Then time ran out and there was an advertisement for soap powder, and so the telepaths at home never discovered the whole truth; namely that the mystery guest (whose name was Gelos) was in fact the personification of Laughter, the sworn enemy of the race of gods; in his previous incarnation one of the original Three. Another point which didn't get out was the fact that Gelos is the only force in the cosmos who stands between the gods and total universal domination, because only laughter and a sense of the absurd makes it possible for human beings to dismiss the gods as a figment of the imagination; whereas if Gelos ever finds a hero brave and strong enough to protect him from the gods, he will be able to rule the whole of creation.
Pluto stopped, took a plastic bag from his .pocket and opened it, revealing a sock.
'Here, boy,' he said nervously. 'Find!' He placed the sock in front of each of the dog's three noses in turn. The dog growled ominously, and two of its heads started snuffling at the ground. The third ate the sock and, shortly afterwards, was sick.
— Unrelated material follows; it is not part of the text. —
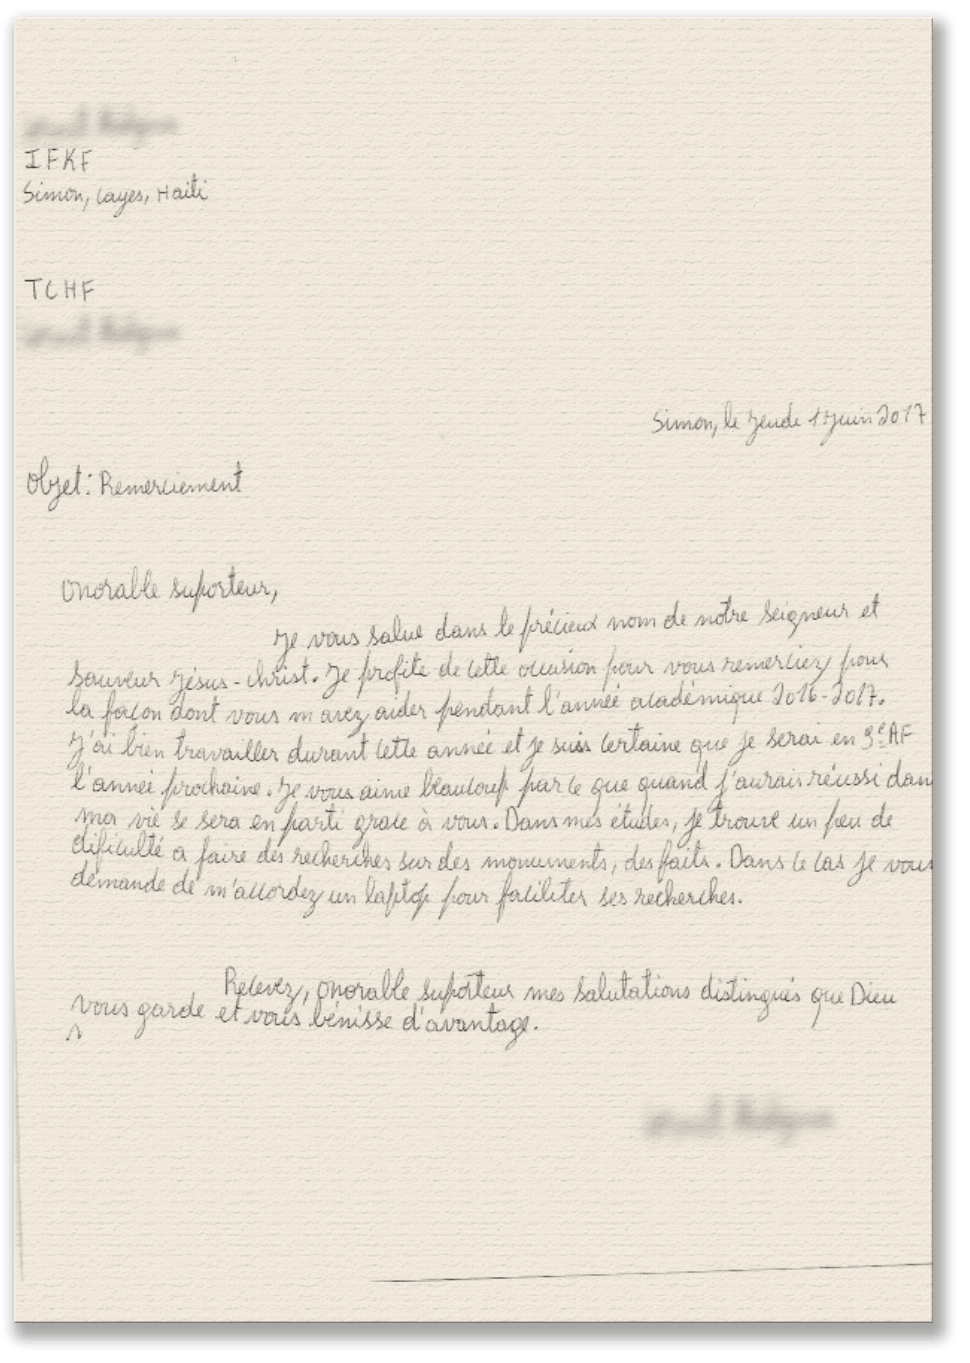 Letters from Students - The Children Heritage Foundation (tCHF)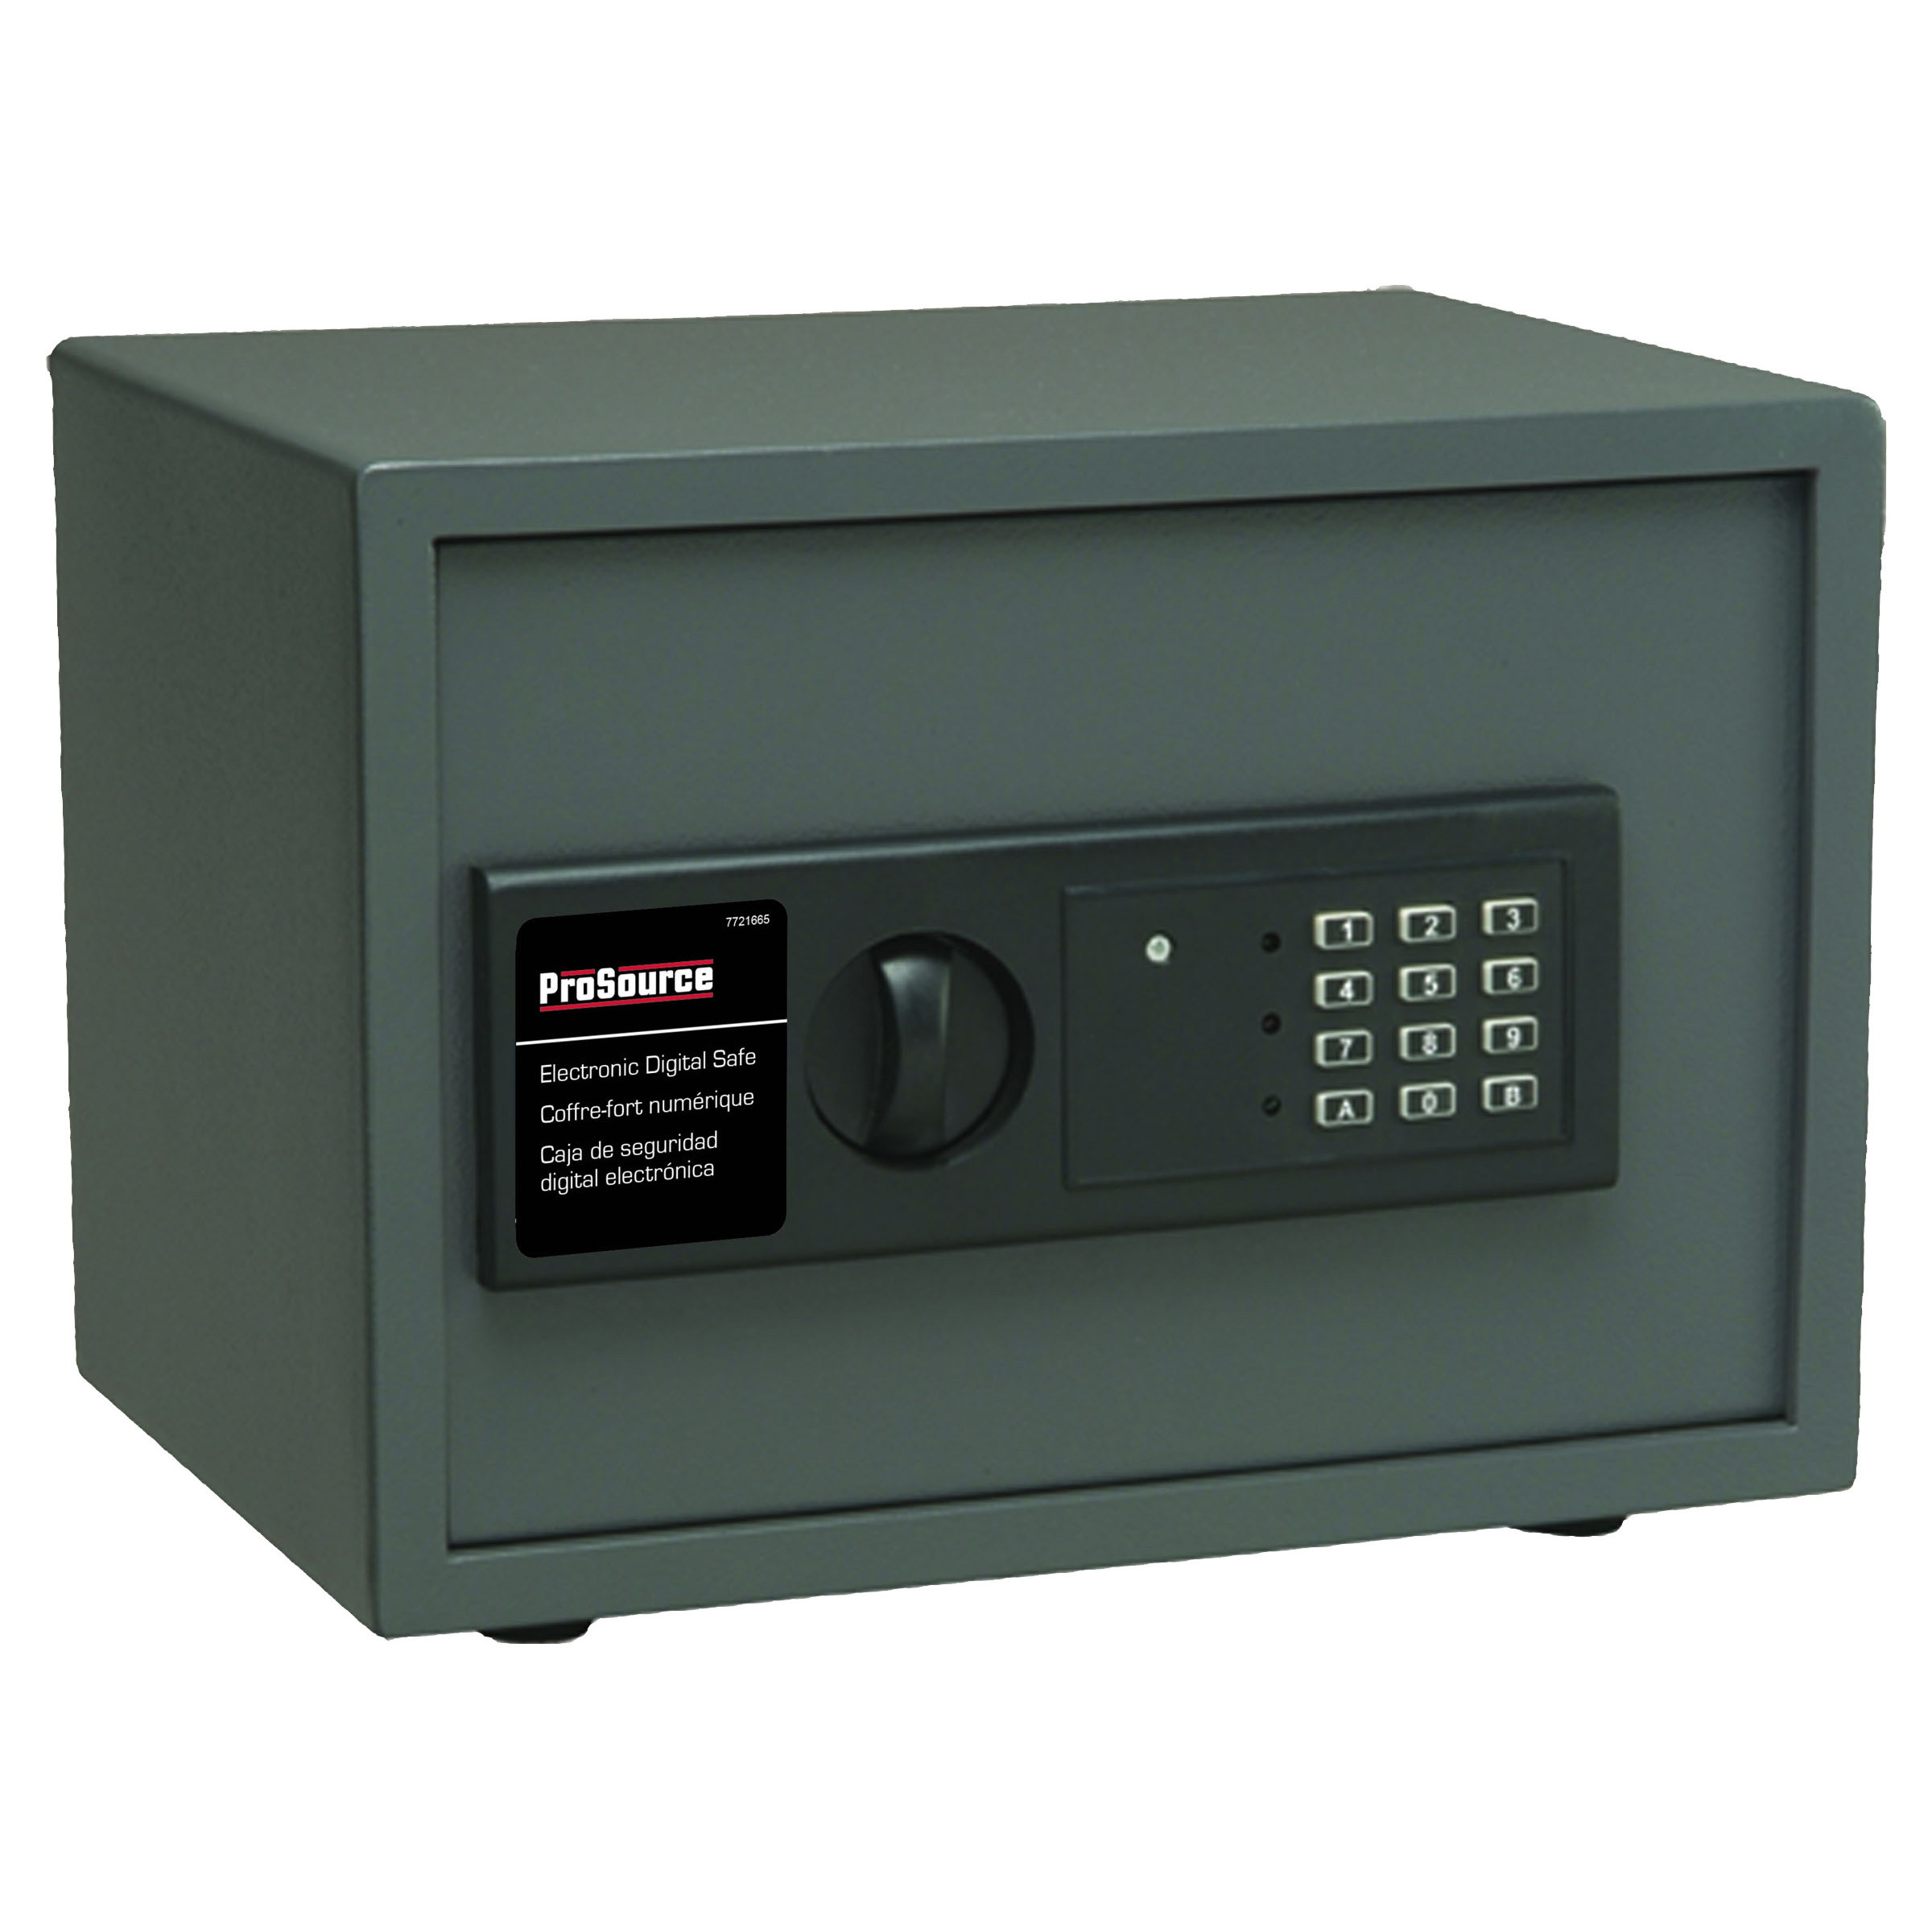 JL-45891-3L Digital Electronic Safe, 13-3/4 in W x 9-7/8 in D x 9-7/8 in H Exterior, Solid Steel, Dark Gray

'C'mon, good dog,' Pluto muttered, and the ex-Hellhound suddenly lurched forward, heads down, and dragged his master into the corridors that led to the Piccadilly Line platforms.
It is often held that two heads are better than one, and so Cerberus should have represented the optimum in scent-following efficiency. However, after five minutes of enthusiastic baying, tracking, tail-wagging and snapping at the ankles of women with small children, he stopped opposite a fire-bucket, pointed like a gun-dog and sat resolutely down. Having emptied the bucket and found no trace of the missing Hero, Pluto began to lose patience.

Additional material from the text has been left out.